In personal memoirs, suspicions were confirmed by Richard Beard’s Sad Little Men, delving into his miserable time at elite private school and providing valuable psychological insight into the overgrown schoolboys who run Great Britain. Another standout was Free by Lea Ypi, about a childhood in claustrophobic, communist Albania.

Memorable too were Angela Hui’s Takeaway, recalling a childhood and early adulthood ‘behind the counter’ of her parents’ Chinese takeaway in rural Wales, The Red Zone by Chloe Caldwell, on life with PMDD, and, arriving just in the nick of time to be included here, Carrie Kills a Man by Carrie Marshall, an introspective and often funny reflection on gender transition, sexuality and coming out to family members and broadcasting colleagues.

Beyond recording treacle-slow medical and bureaucratic waiting times and the often banal realities of life during today’s transphobic moral panic and its assault on LGBT and feminist solidarity, Marshall documents great friendships, meaningful acts of kindness, and the euphoria and emancipation that comes with freedom of self expression.

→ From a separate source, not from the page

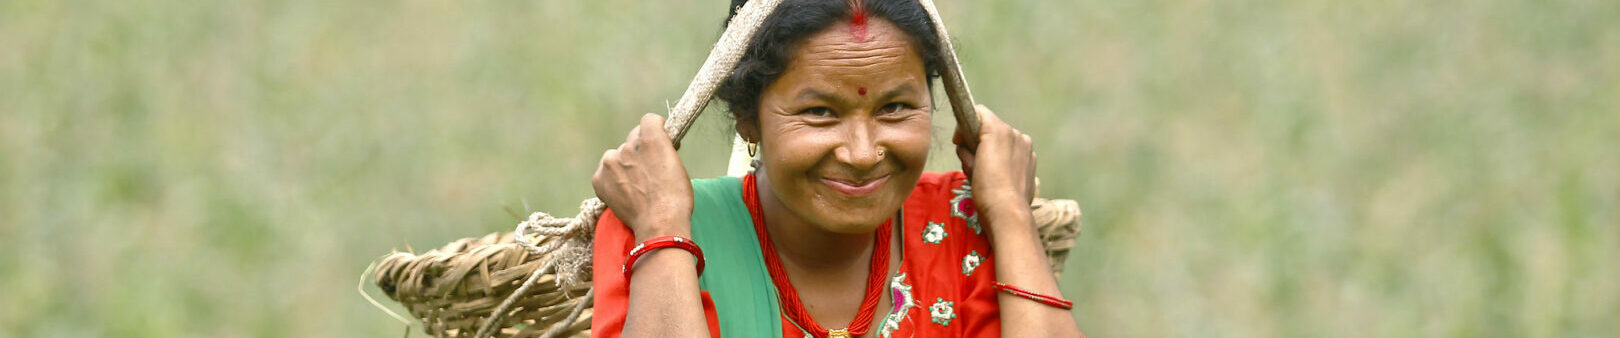 Nepal, Bäuerin des gemeinsamen Programms für Bäuerinnen auf dem Land. Credits: UN Women/Narendra Shrestha

In poetry I enjoyed spending time with Blood, Salt, Spring by Hannah Lavery and the 50th anniversary edition of Liz Lochhead’s Memo for Spring. My friend Henry Bell teamed up with photographer Angela Catlin to present Still Life: a portrait of Glasgow during lockdown that I found a moving tribute to our city and its people. I’m seeing out the year with The Luna Erratum by Maria Sledmere – a poet with a great sense of fun.